"If you have all the information you need at hand, it should take you 10 to 15 minutes to complete the survey. This new web-based, self-service survey walks organizations through 21 multiple-choice questions. Areas covered include data residency, encryption key control, disaster recovery planning for geopolitical events, and the ability to prevent sensitive data from crossing borders. The goal is to move digital sovereignty from vague policy talk to a measurable "sovereignty baseline" that IT and business leaders can act on."
"Over the past year, several governments and companies outside the US have decided they can't trust American tech companies. So, digital sovereignty has become an important goal. While American companies, as you can imagine, aren't happy about that, they're now helping European organizations to achieve their digital sovereignty goals. One of the first of these was Linux and cloud-native computing powerhouse Red Hat. Late last year, Red Hat became the first US company to announce its own EU-specific digital sovereignty program, Red Hat Confirmed Sovereign Support (RHCSS)."
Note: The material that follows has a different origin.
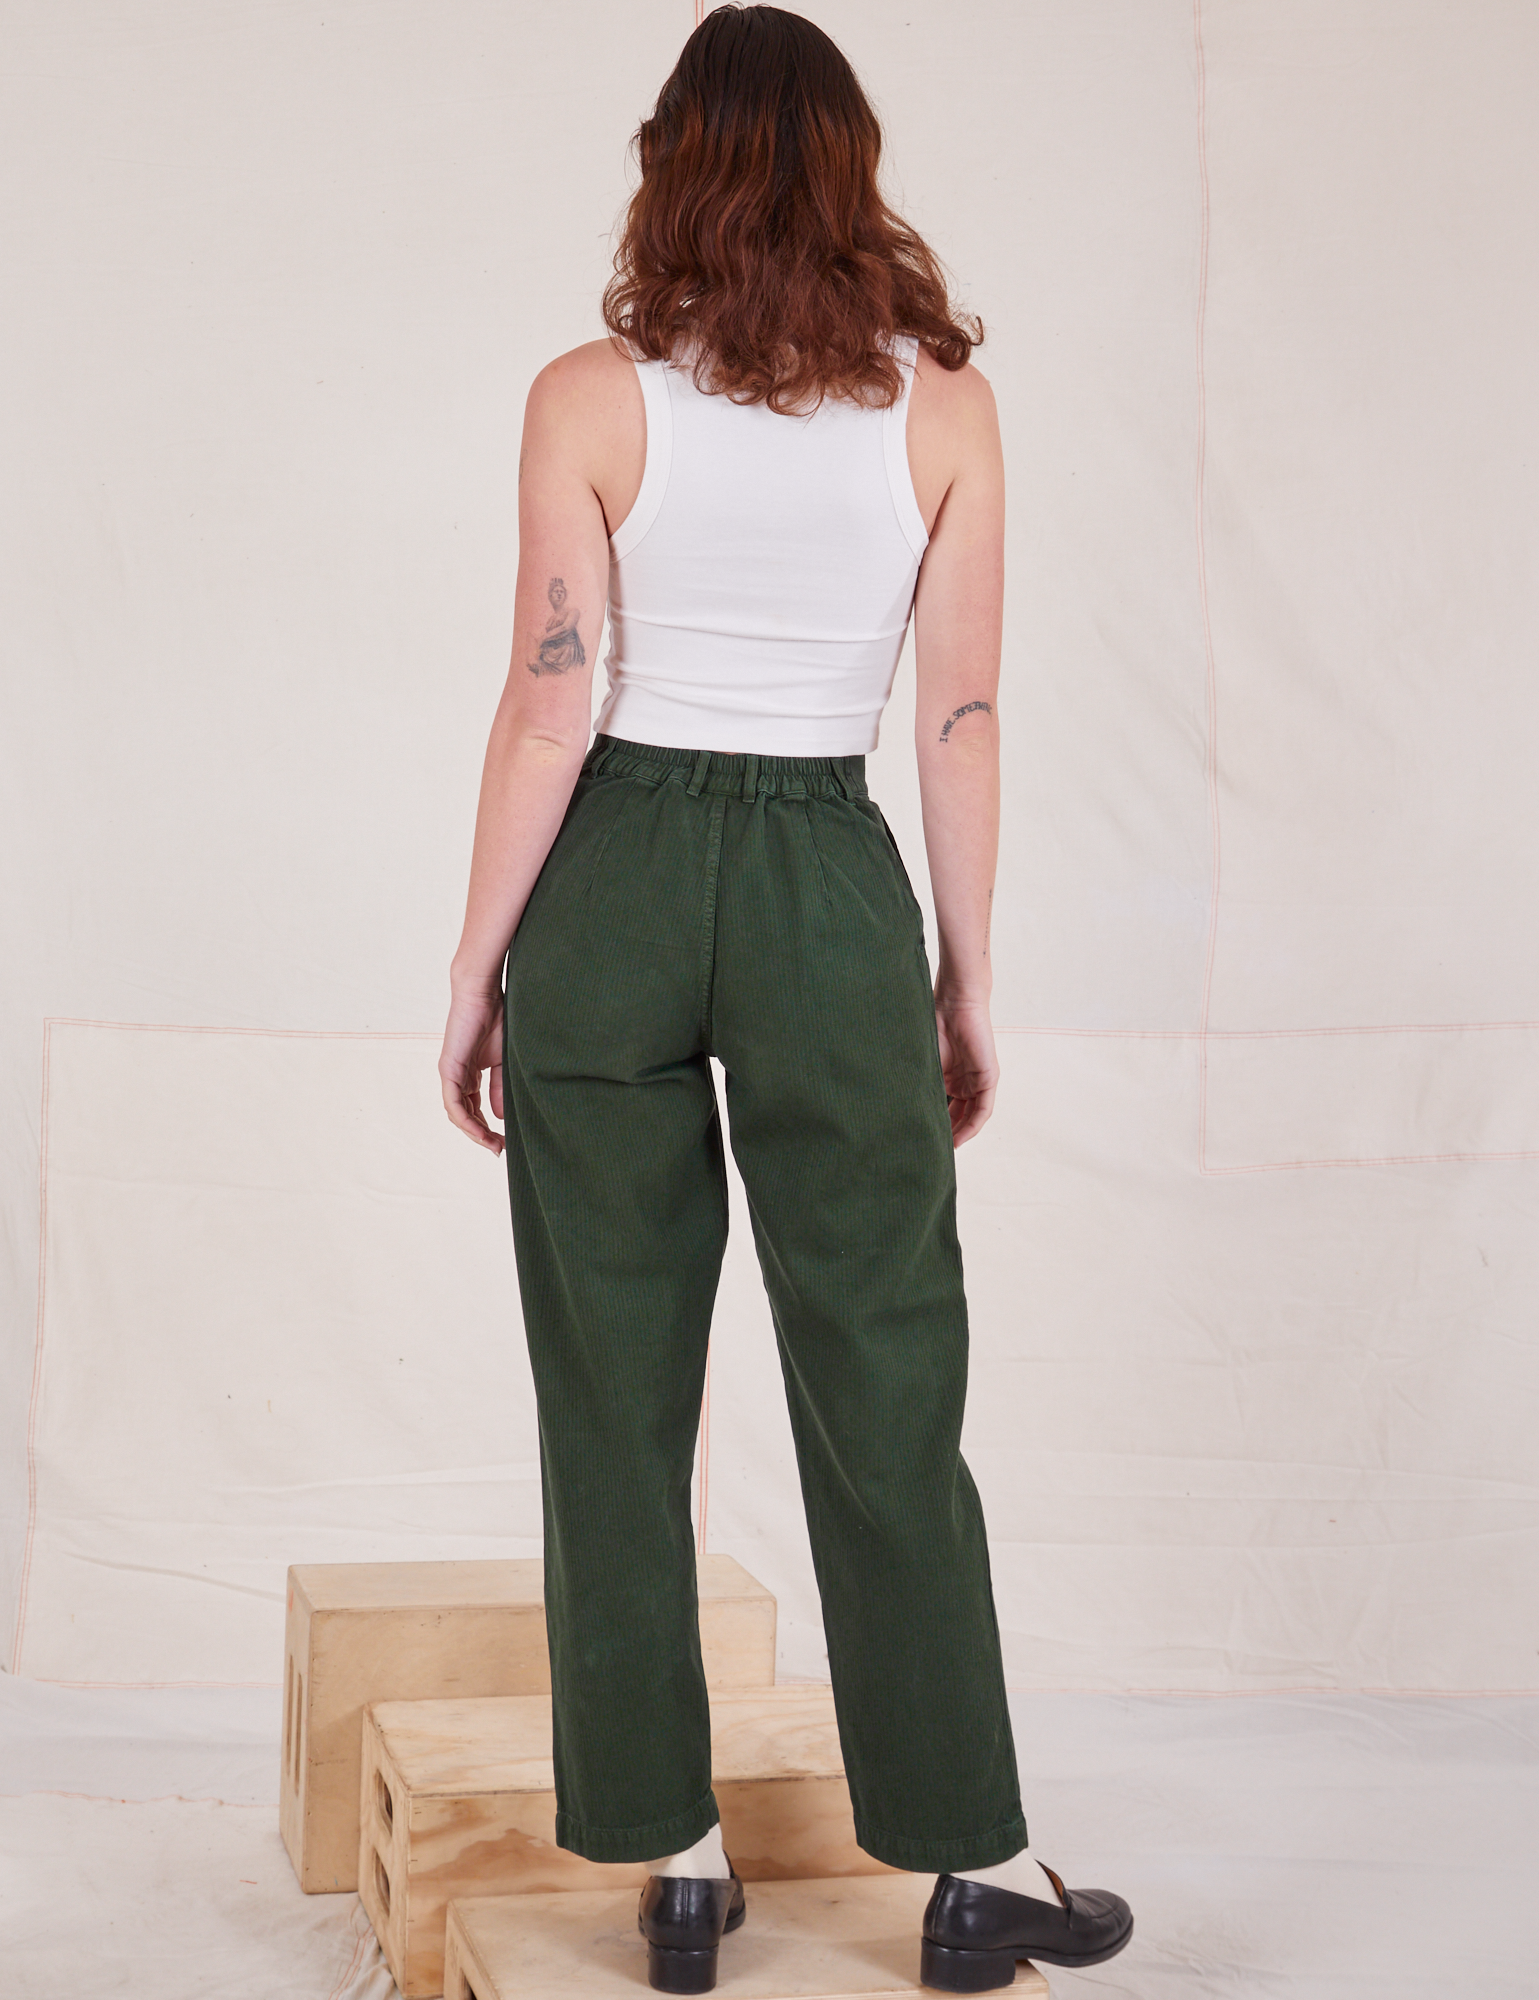 Back view of Heritage Trousers in Swamp Green and vintage off-white Cropped Tank Top on Alex

Trust in US technology providers has fallen among some governments and companies outside the US, increasing demand for digital sovereignty. Red Hat launched an EU-specific program, Red Hat Confirmed Sovereign Support (RHCSS), to keep critical European IT operations under EU control. Red Hat also released an open-source Digital Sovereignty Readiness Assessment toolkit to provide a concrete, measurable sovereignty baseline. The web-based, self-service survey contains 21 multiple-choice questions covering data residency, encryption key control, disaster recovery for geopolitical events, and preventing sensitive data crossing borders. The assessment takes about 10–15 minutes and leaves users in control of their data and use of the evaluation.